IBM has two working prototype designs. Both cores were fabricated in 45 nm SOI-CMOS and contain 256 neurons. One core contains 262,144 programmable synapses and the other contains 65,536 learning synapses. The IBM team has successfully demonstrated simple applications like navigation, machine vision, pattern recognition, associative memory and classification.

IBM’s overarching cognitive computing architecture is an on-chip network of light-weight cores, creating a single integrated system of hardware and software. This architecture represents a critical shift away from traditional von Neumann computing to a potentially more power-efficient architecture that has no set programming, integrates memory with processor, and mimics the brain’s event-driven, distributed and parallel processing.

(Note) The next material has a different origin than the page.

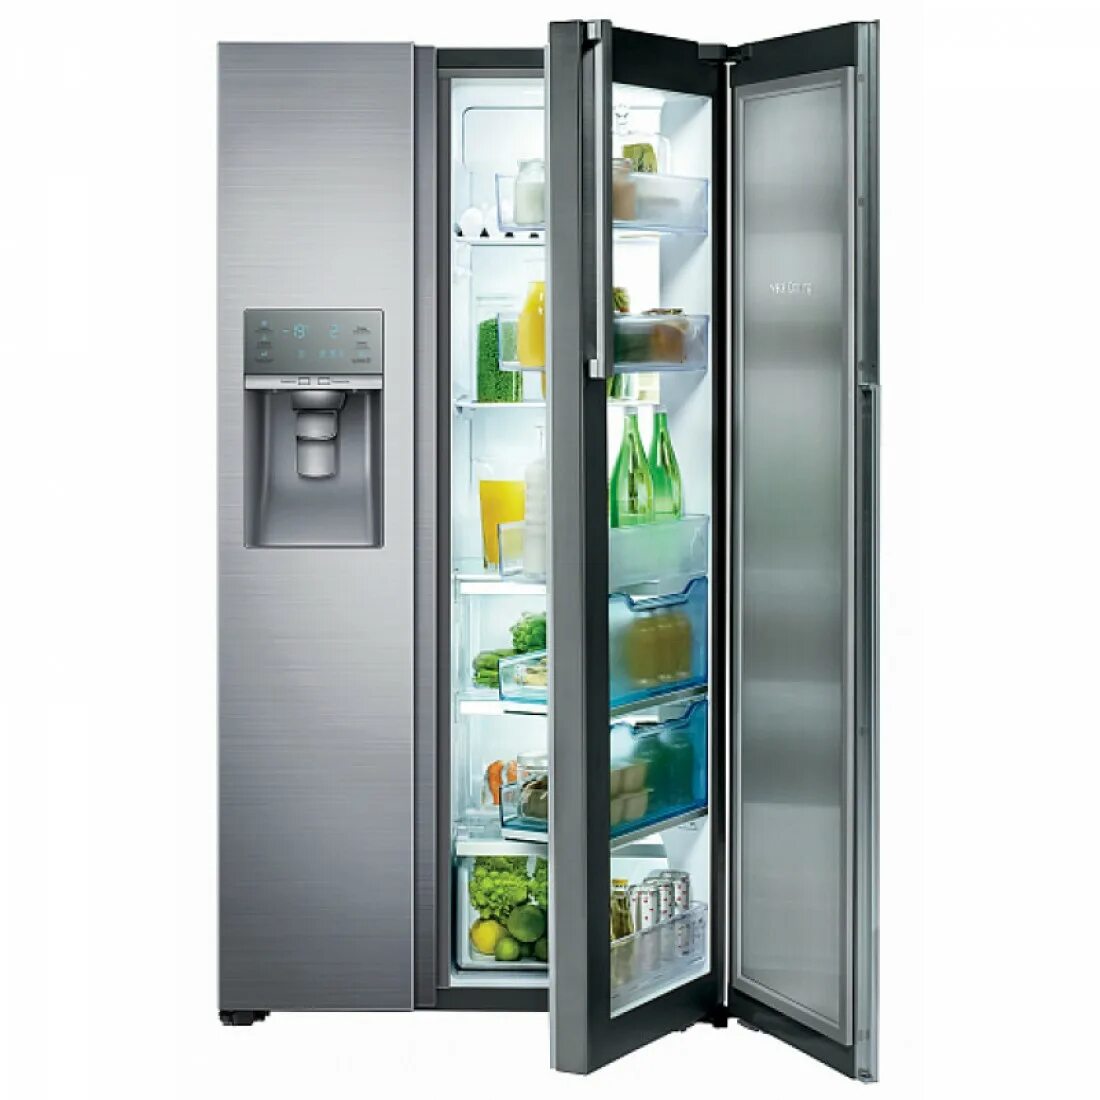 Холодильник Samsung rh-57 h90507f. Холодильник Samsung RF-61 k90407f. Холодильник Samsung RF-24 HSESBSR. Холодильник Samsung rh-57h90507f PNG.

IBM’s long-term goal is to build a chip system with 10bn neurons and 100trn synapses, while consuming merely one kilowatt of power and occupying less than two litres of volume.

Future chips

Future chips will be able to ingest information from complex, real-world environments through multiple sensory modes and act through multiple motor modes in a co-ordinated, context-dependent manner.

For example, a cognitive computing system monitoring the world’s water supply could contain a network of sensors and actuators that constantly record and report metrics such as temperature, pressure, wave height, acoustics and ocean tide, and issue tsunami warnings based on its decision making.

Similarly, a grocer stocking shelves could use an instrumented glove that monitors sights, smells, texture and temperature to flag bad or contaminated produce. Making sense of real-time input flowing at an ever-dizzying rate would be a Herculean task for today’s computers, but would be natural for a brain-inspired system.

“Imagine traffic lights that can integrate sights, sounds and smells and flag unsafe intersections before disaster happens or imagine cognitive co-processors that turn servers, laptops, tablets and phones into machines that can interact better with their environments,” said Modha.

For Phase 2 of SyNAPSE, IBM has assembled a world-class multi-dimensional team of researchers and collaborators to achieve these ambitious goals. The team includes Columbia University, Cornell University, University of California, Merced, and University of Wisconsin, Madison.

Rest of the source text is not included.